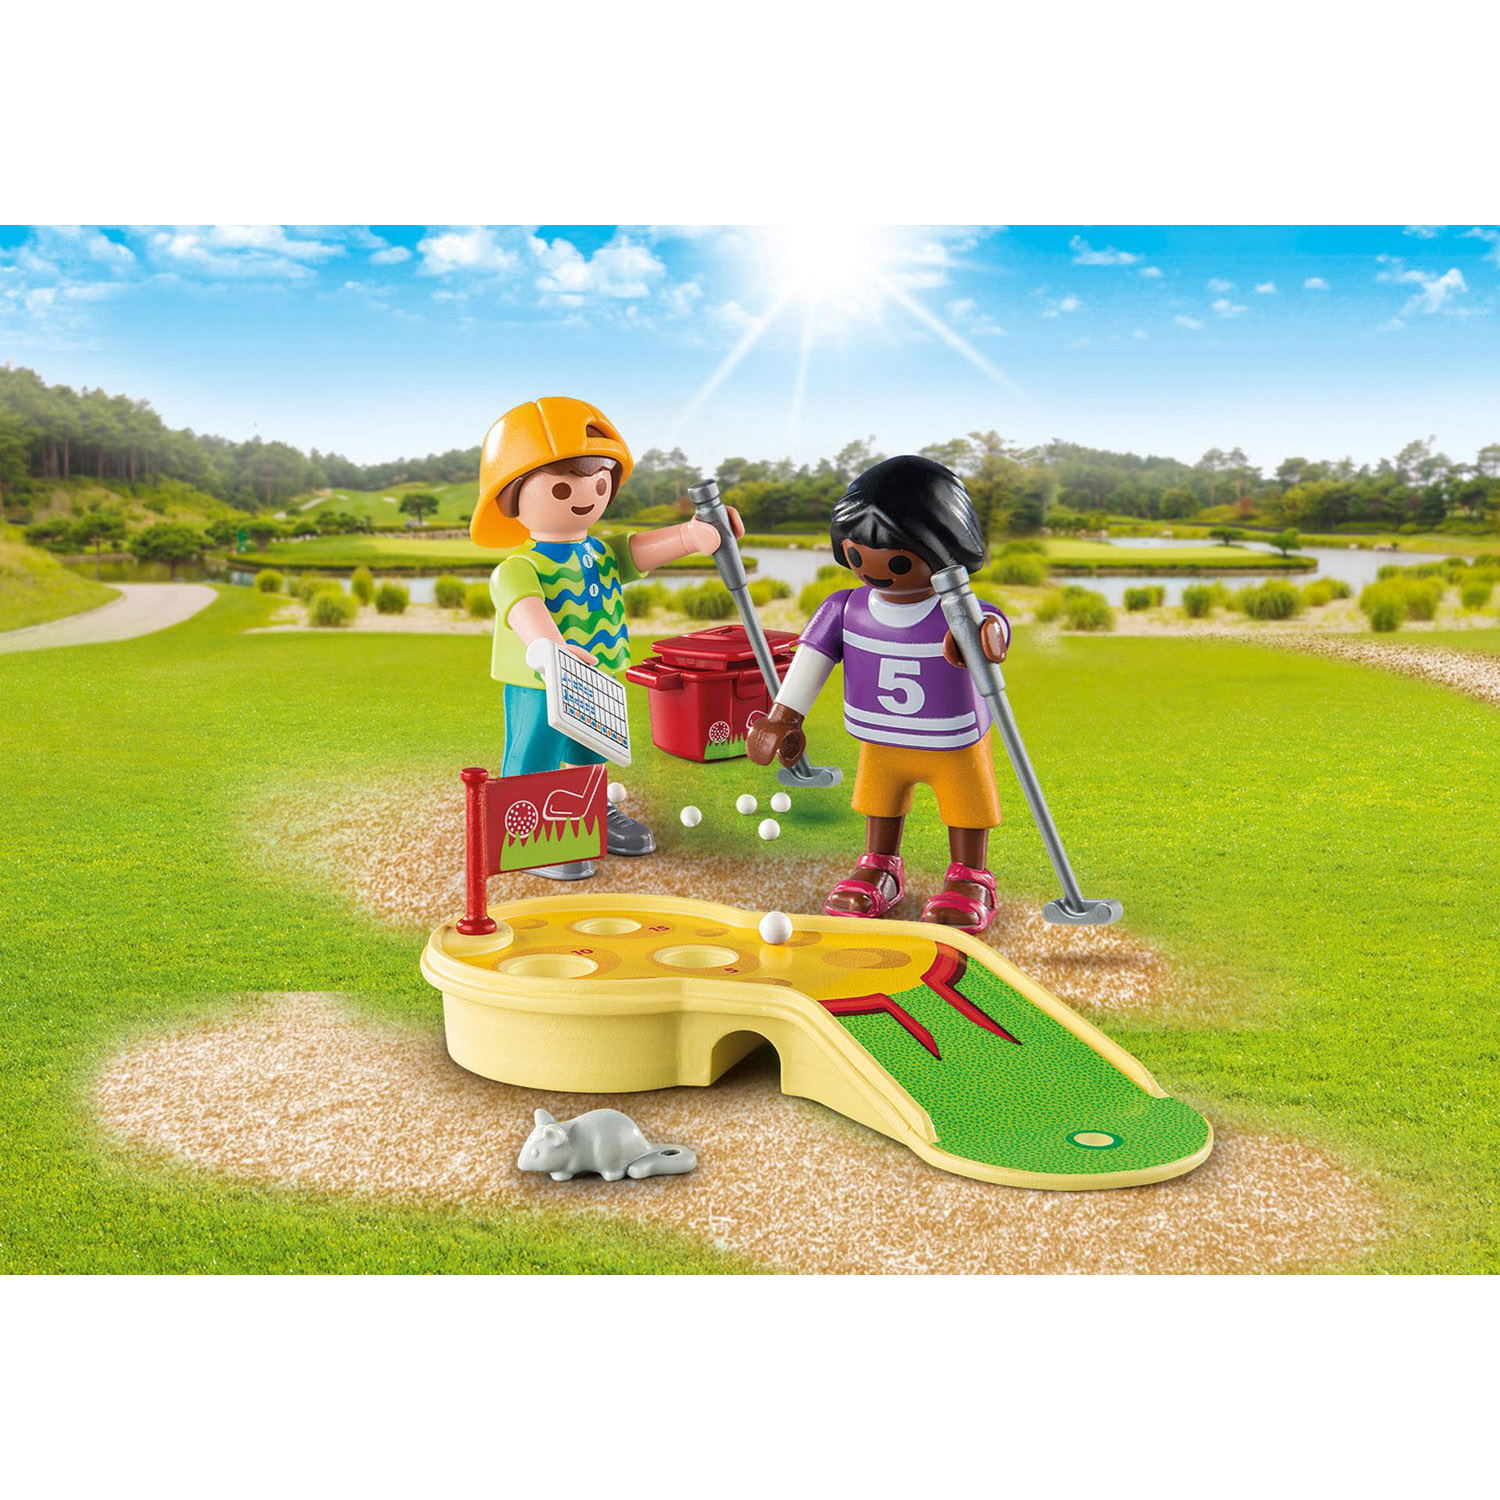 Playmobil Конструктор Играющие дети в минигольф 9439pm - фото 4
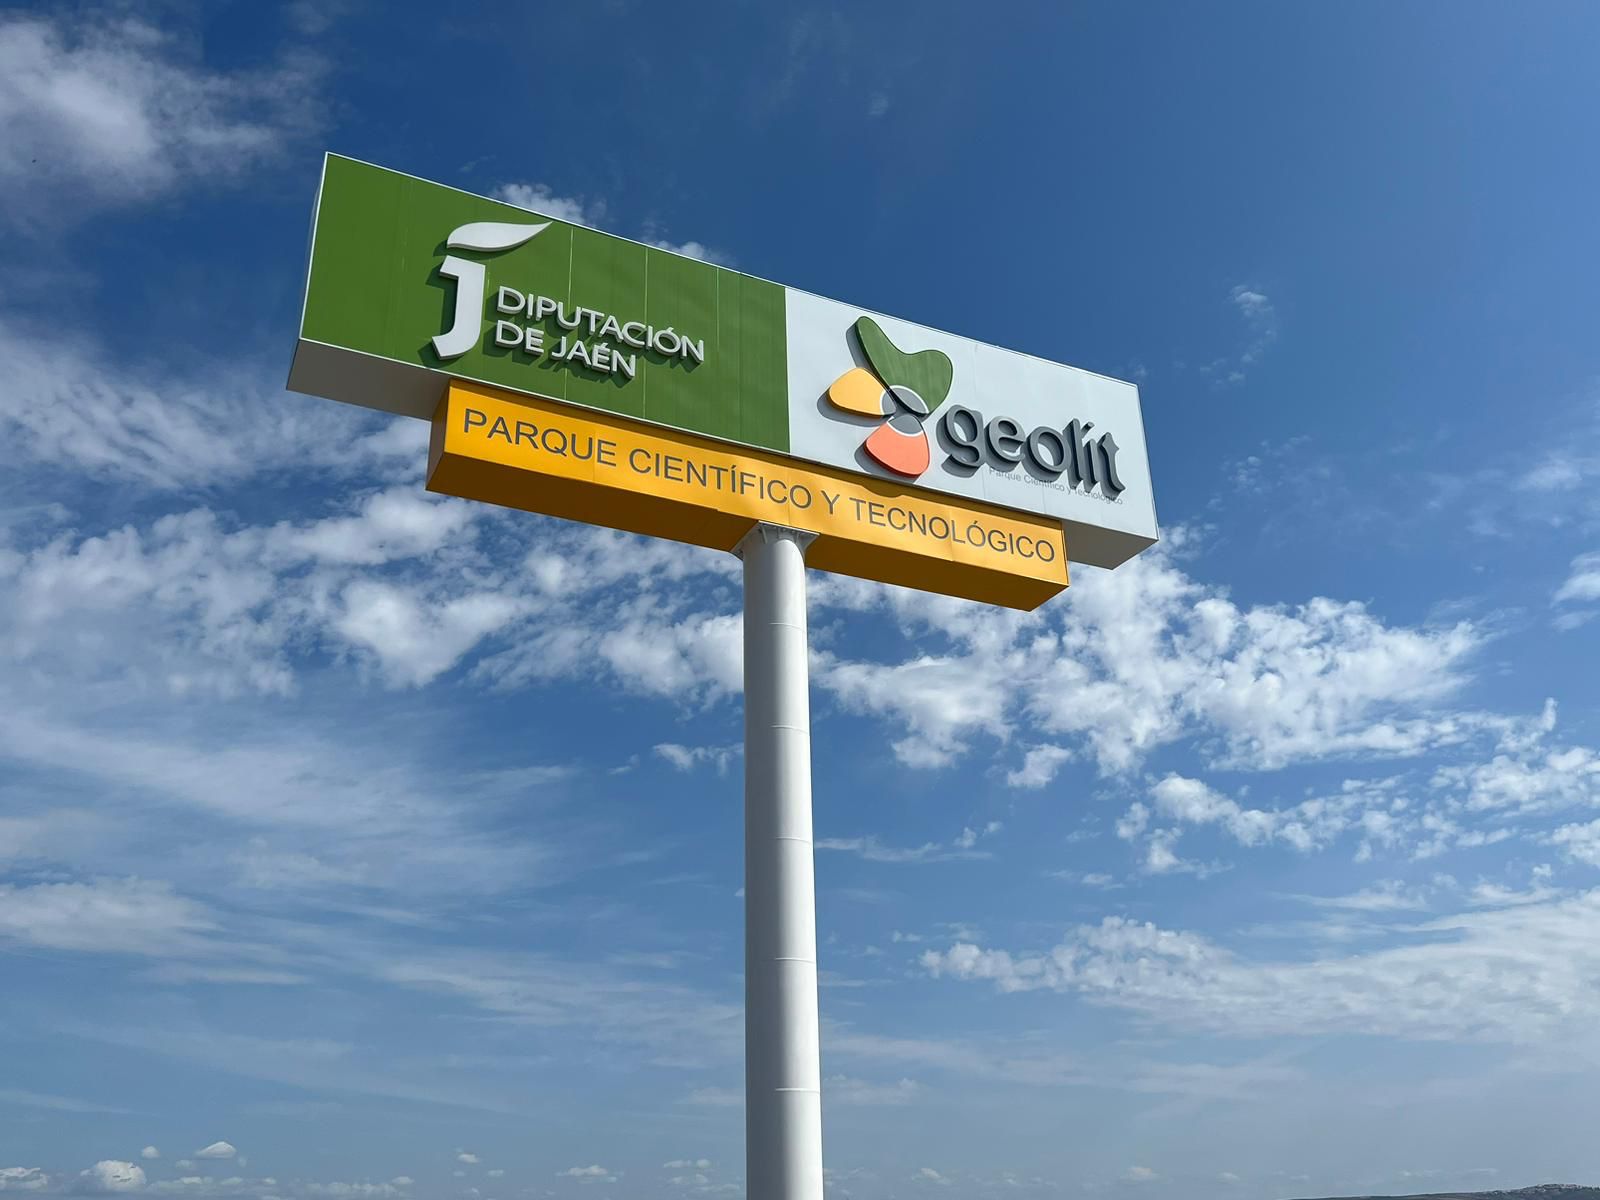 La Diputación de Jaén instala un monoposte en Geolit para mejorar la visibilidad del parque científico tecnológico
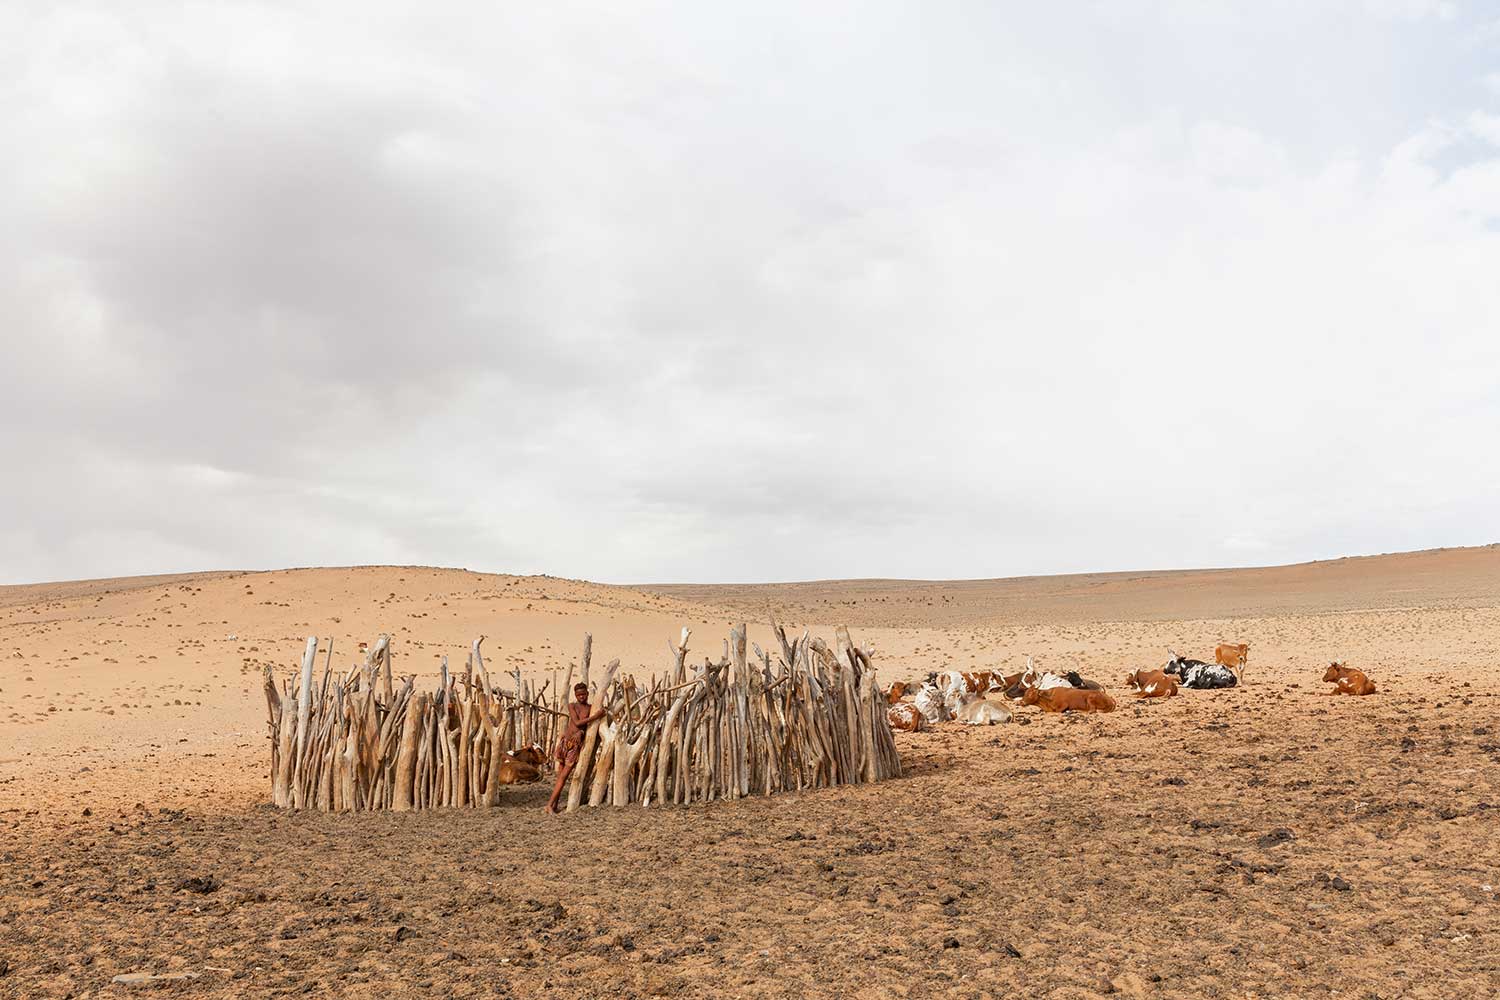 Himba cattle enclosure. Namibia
----------
Output the listing exactly, without images.

**Task solution:**
 Playmobil Конструктор Играющие дети в минигольф 9439pm - фото 4
 La Diputación de Jaén instala un monoposte en Geolit para mejorar la visibilidad del parque científico tecnológico
 Himba cattle enclosure. Namibia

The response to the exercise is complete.